Trees shift and sag with the hot wind. Brown and yellow leaves fall from high up in the canopy, almost as if they were imitating snow. The heat is surprising, and the only escape from the scorching sun and forceful wind is inside the house. Despite the heavy insulation, inside the house just gets warmer, and then as the day lengthens, it gets warmer inside again.
Ceiling fans continuously rotate as they provide some relief from the perspiration. Dogs have collapsed in a stupor on the floor. Their mouths are open as they pant, and perhaps they are dreaming of shedding their coats for the day?
Double glazed windows are hot to touch, despite them being shaded by a verandah. They would be even worse without the heavy duty stainless steel mesh shutters that filters the strong sunlight. Through the windows we see the plants in the garden beds wilt in the hot afternoon sun.
The previous day was beyond hot. At night the air normally cools to something reasonable. We are surrounded by tall forest, after all. But this particular day was far beyond what would considered to be normal weather. The morning began warmer than I can ever recall, except that this time the hot wind was also driven by a strong wind which blowing furnace like air from the arid centre of this hot continent.
With nothing better to do, we went to the local cafe for a coffee and a feed for breakfast. It was quiet there, and the roads were also quiet. People were tense. It wasn’t the heat that had people on edge, in fact we deal with hot days all of the time down here. No, it was the similarity to the extreme weather that occurred on Black Saturday, or the 7th February 2009. There was so much widespread destruction and loss of life due to wildfires that day. And here we were with the same conditions all over again, as it was both extremely hot and very windy.
On that sort of day, there is not much chance of stopping a fire once it gets started. During the day you try to get on with your life, but the heat saps energy, and the need to routinely check the updates on local fires in the area, simply leaves you with a background level of mild anxiety.
If there is a fire in the local area, will the winds blow the fire in your direction? What is the topography between you and the fire? Do you stay and defend your house if a fire threatens? Or, do you leave and not risk your life for something that can be replaced? Can you even understand what it means to defend a house against a wildfire? If you do leave, what do you take with you? And in what condition do you leave the property? And lastly, are you prepared to be possibly homeless?
Friday was a bad day, and all those questions were discussed, existing plans reviewed, and choices were made. It’s an ugly business, but it is part of living in rural areas in this corner of the continent. However, each year seems to bring some new and outrageous weather record. The past week has seen some very long held weather records smashed.
After two days of 44’C / 111’F (in the shade) and an overnight low of 26’C / 79’F in between them, by late on the second day, the inside of the house reached 31’C / 88’F. Even so, it still felt far cooler inside the house than the outside in the scorching heat.

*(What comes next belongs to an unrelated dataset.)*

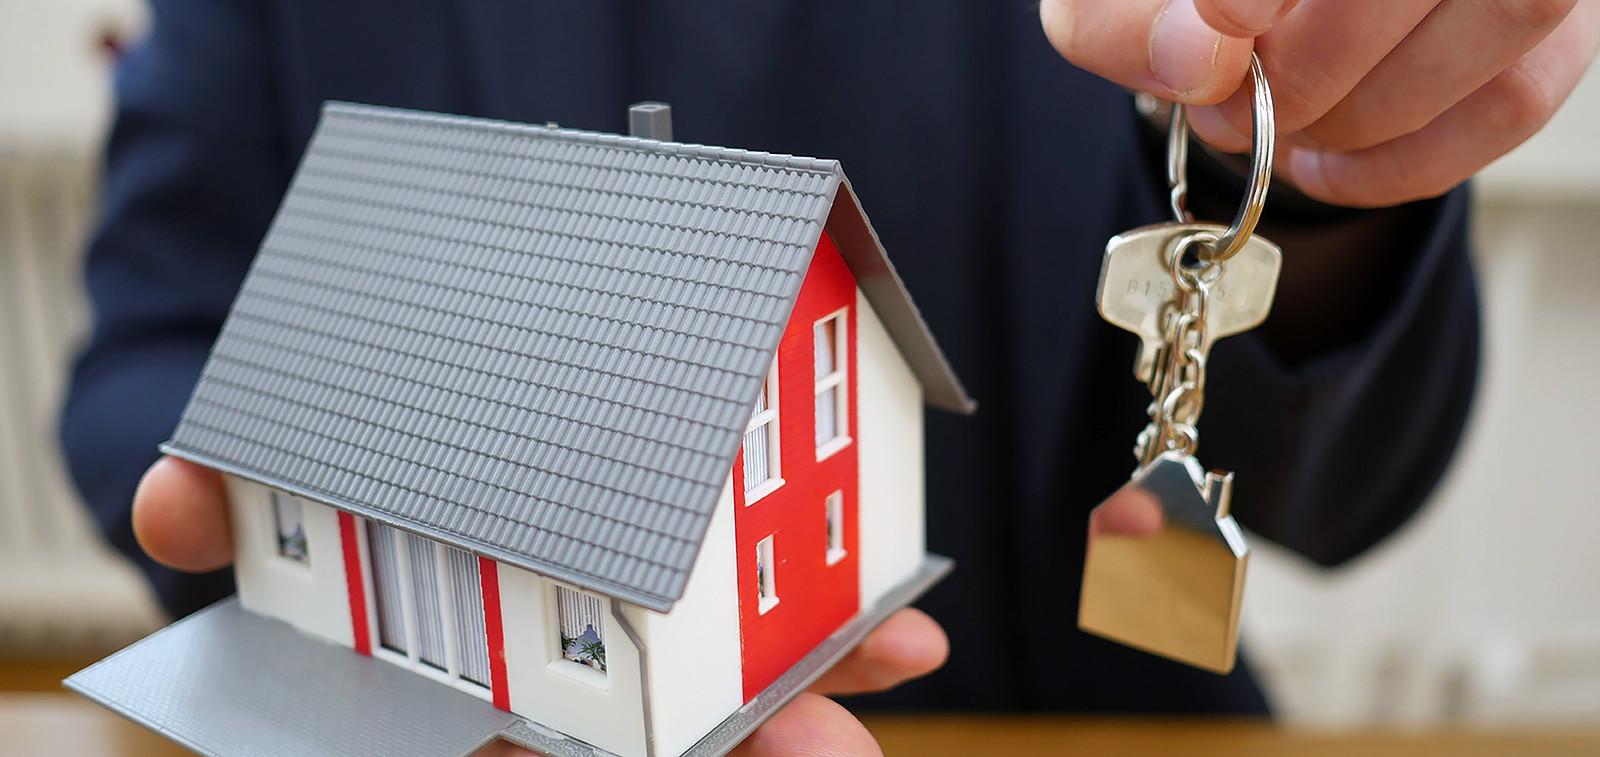 Kädessä talon pienoismalli ja toisessa kädessä avaimet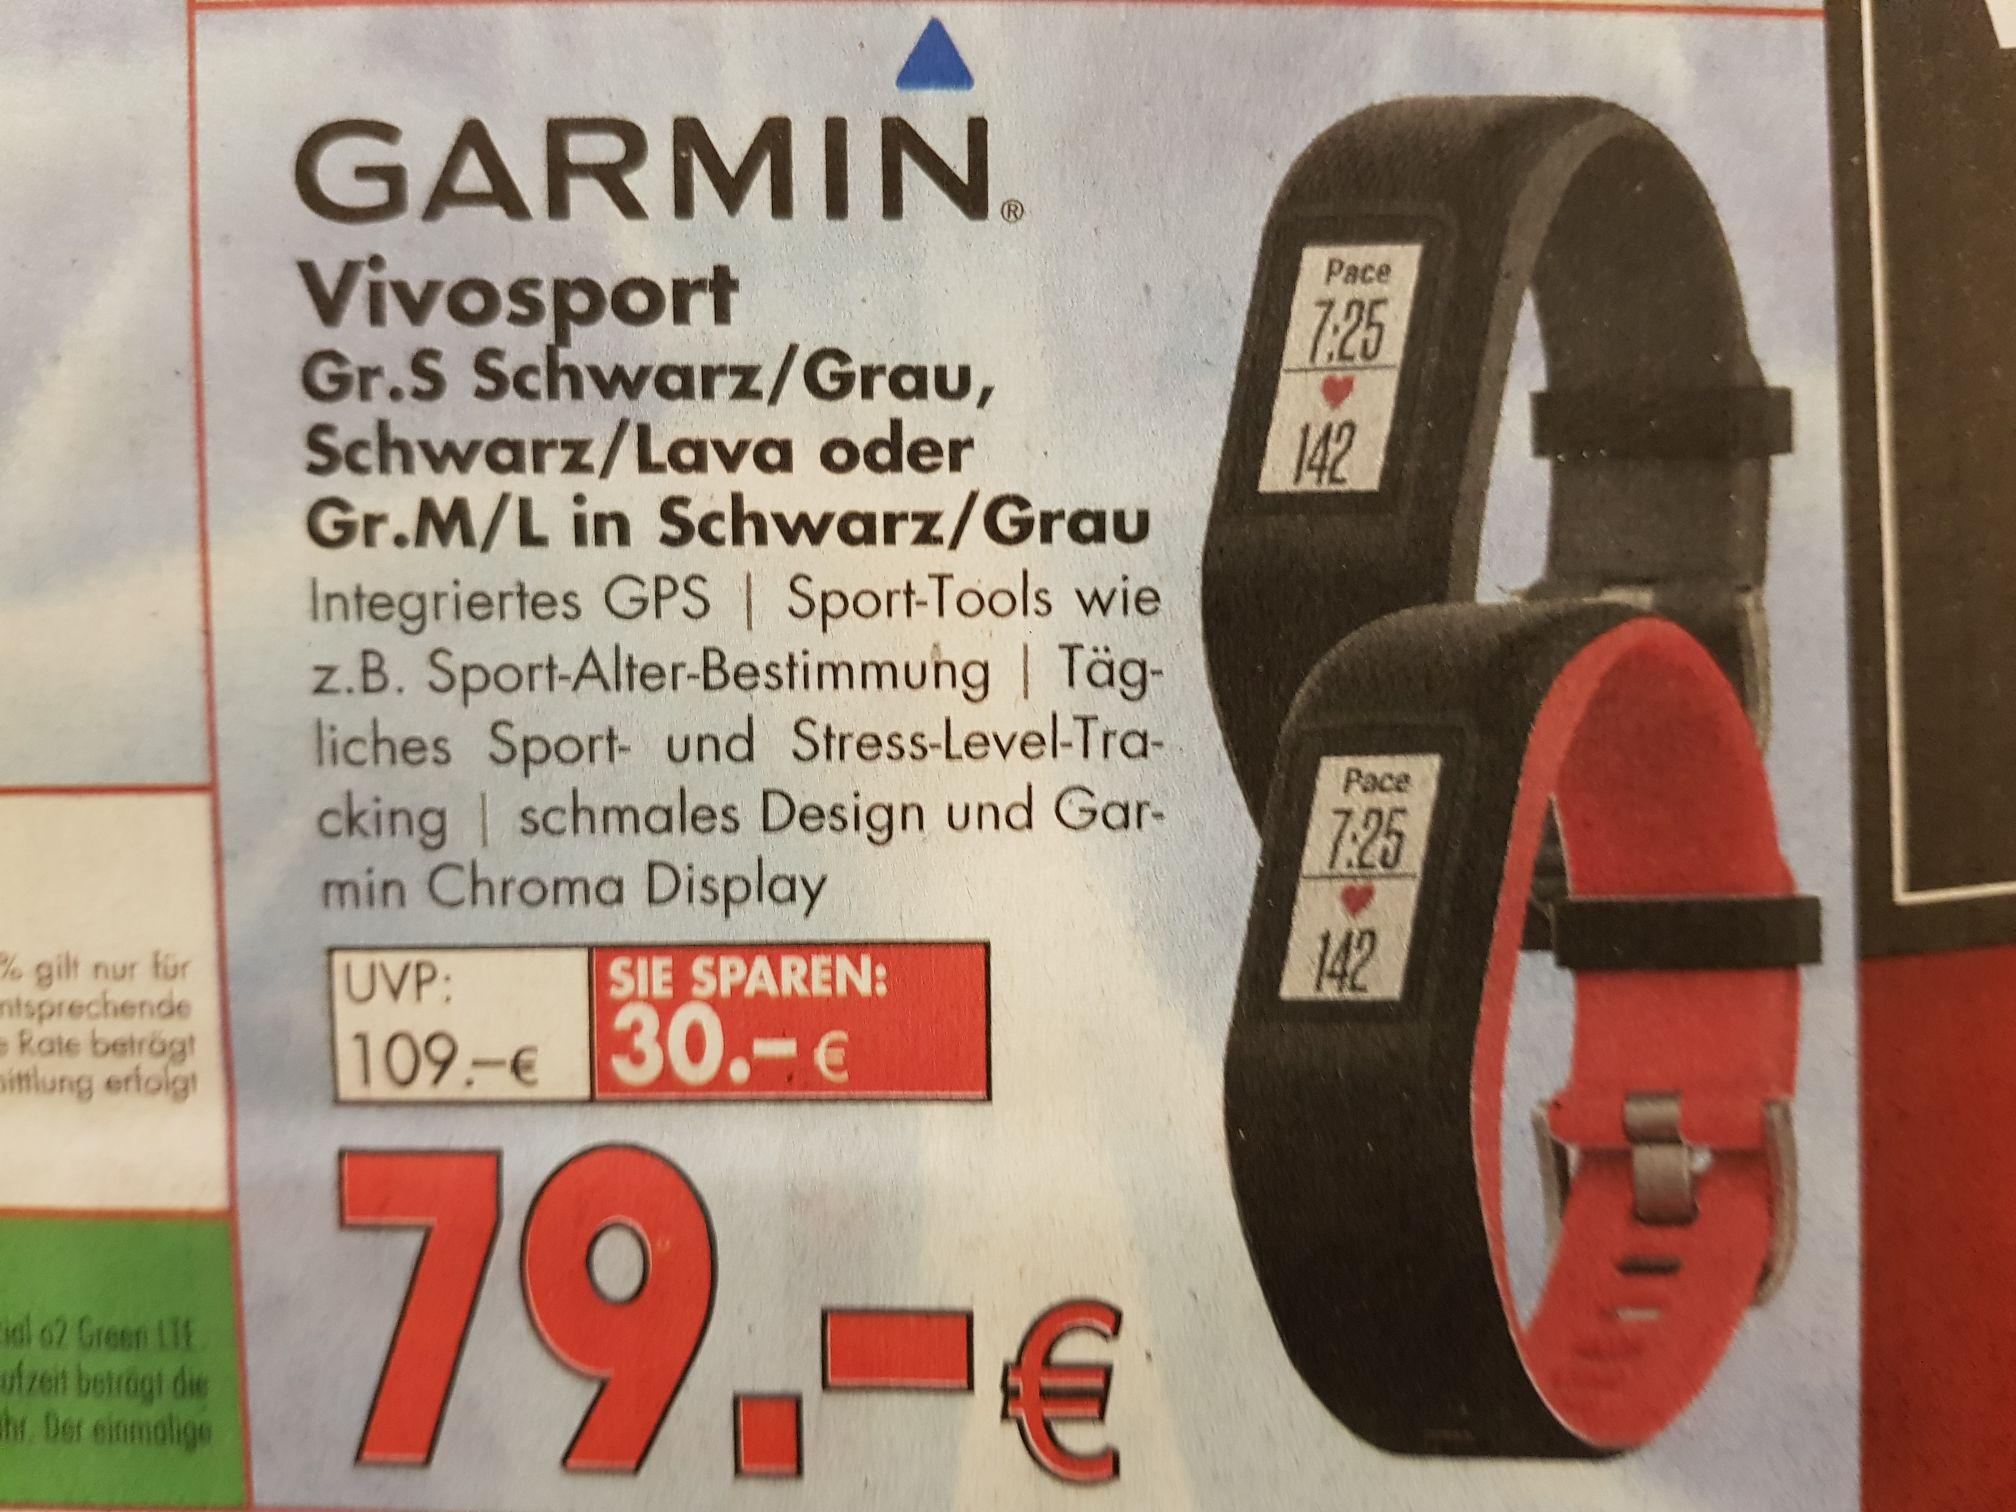 Hirsch & Ille Ludwigshafen, Garmin Vivosport für 79 €

Fortunately, by early evening a cool change swept in from the Southern Ocean and the outside temperature slowly dropped.
The dusty, smoky, hot summer air has produced some amazing sunsets this year, and this week was no exception:
Sometimes pictures can tell a better story than words, so here are some photos from that day:
The cool change brought no rain to the farm, although Saturday was a very cool day and that was a relief. To celebrate having survived the horror day, we took the day off any work, and simply enjoyed ourselves. We even took a short trip to a nearby bakery to purchase a lemon tart and a gourmet pie, both of which were very tasty.
Whilst on our bakery adventure, we passed many local farms. Around these parts, farmers normally run sheep or cattle in their paddocks, and the recent hot weather has not been kind to those paddocks. And often there is little in the way of shade trees for the livestock to shelter under on hot days. And if the livestock have trouble finding shelter on a hot day, then the wildlife will be almost non-existent. In stark contrast, this place is buzzing with wildlife:
Despite the heat, the show has to go on, and this week we finally finished filling up the primary firewood shed. In case anyone was wondering, it is indeed hard working bringing in the firewood for the coming winter when you are in the midst of a heatwave. But that is the time of year that the job needs to be done.
In breaking produce news:
Onto the flowers:
The temperature outside now at about 9.00am is 15’C (59’F). So far this year there has been 5.4mm (0.2 inches) which is slightly higher than last weeks total of 5.0mm (0.2 inches).